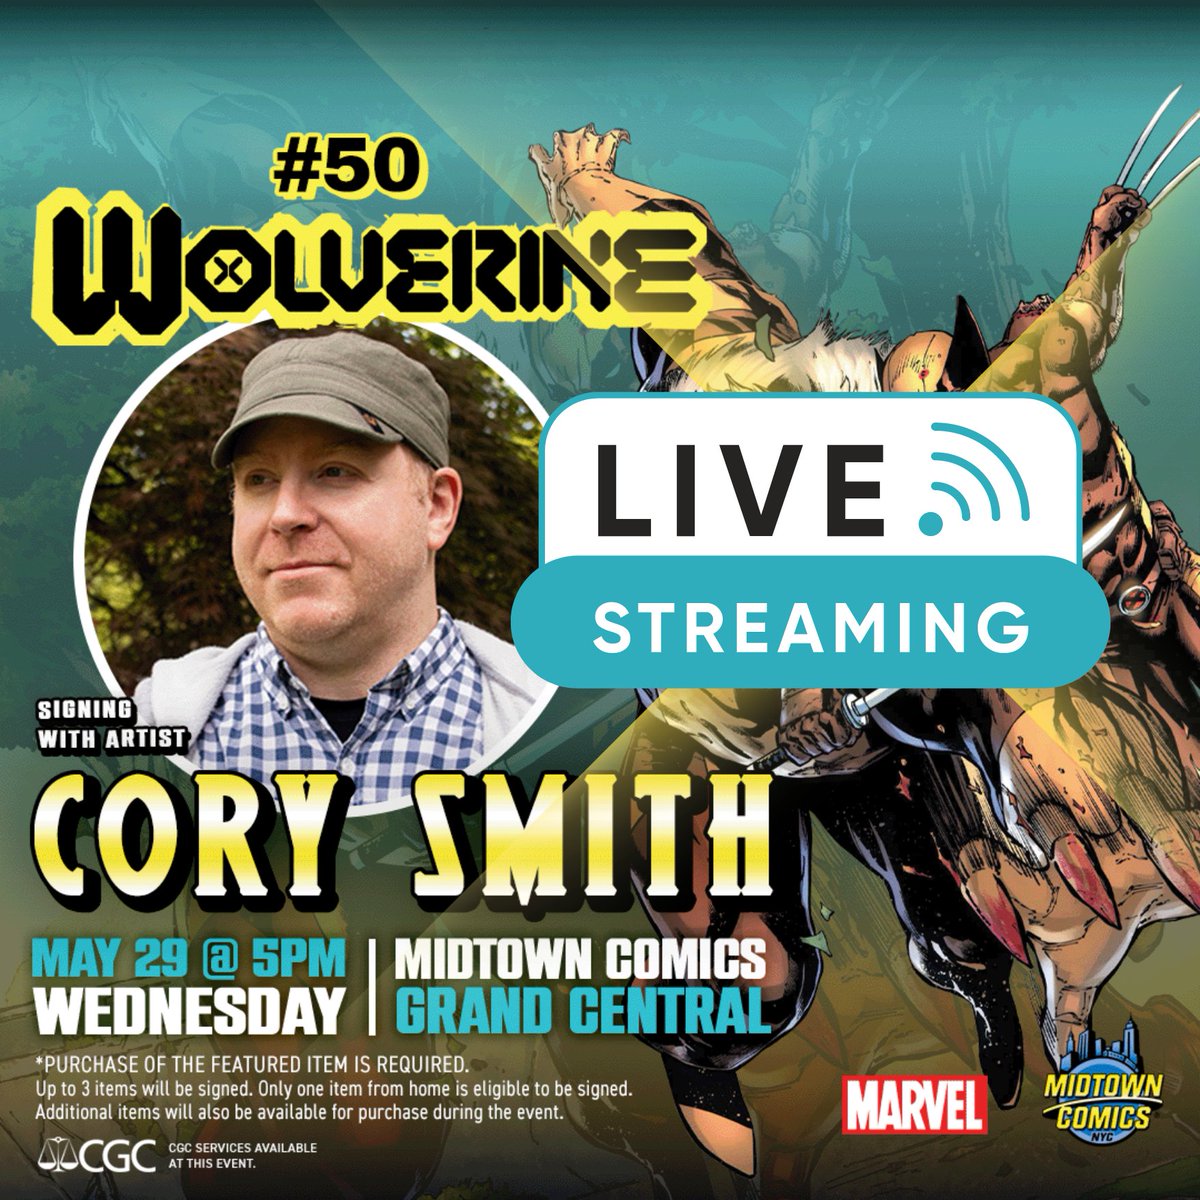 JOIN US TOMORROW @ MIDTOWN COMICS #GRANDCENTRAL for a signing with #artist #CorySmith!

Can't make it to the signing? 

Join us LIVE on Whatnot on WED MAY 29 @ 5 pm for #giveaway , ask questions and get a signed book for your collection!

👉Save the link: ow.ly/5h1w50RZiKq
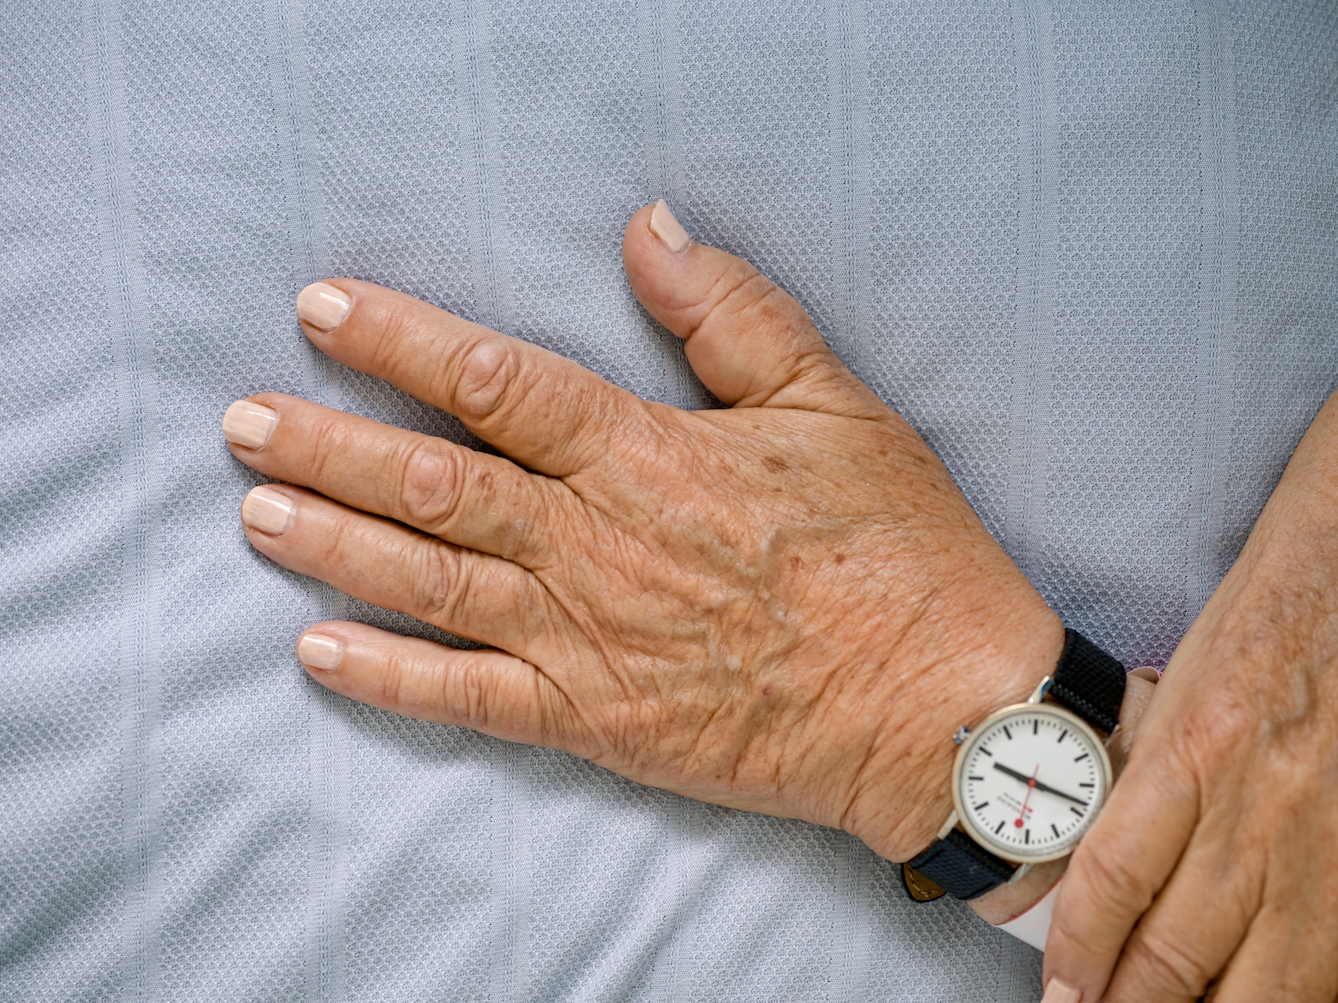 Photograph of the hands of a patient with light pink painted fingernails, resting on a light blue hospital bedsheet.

* _Exercise objective_
Print exactly the span of lines that begins with the line containing "the link: ow.ly/5h1w50RZiKq" and ends with the last line of the listing, with no pictures.

* _Response to this task_
👉Save the link: ow.ly/5h1w50RZiKq
 Photograph of the hands of a patient with light pink painted fingernails, resting on a light blue hospital bedsheet.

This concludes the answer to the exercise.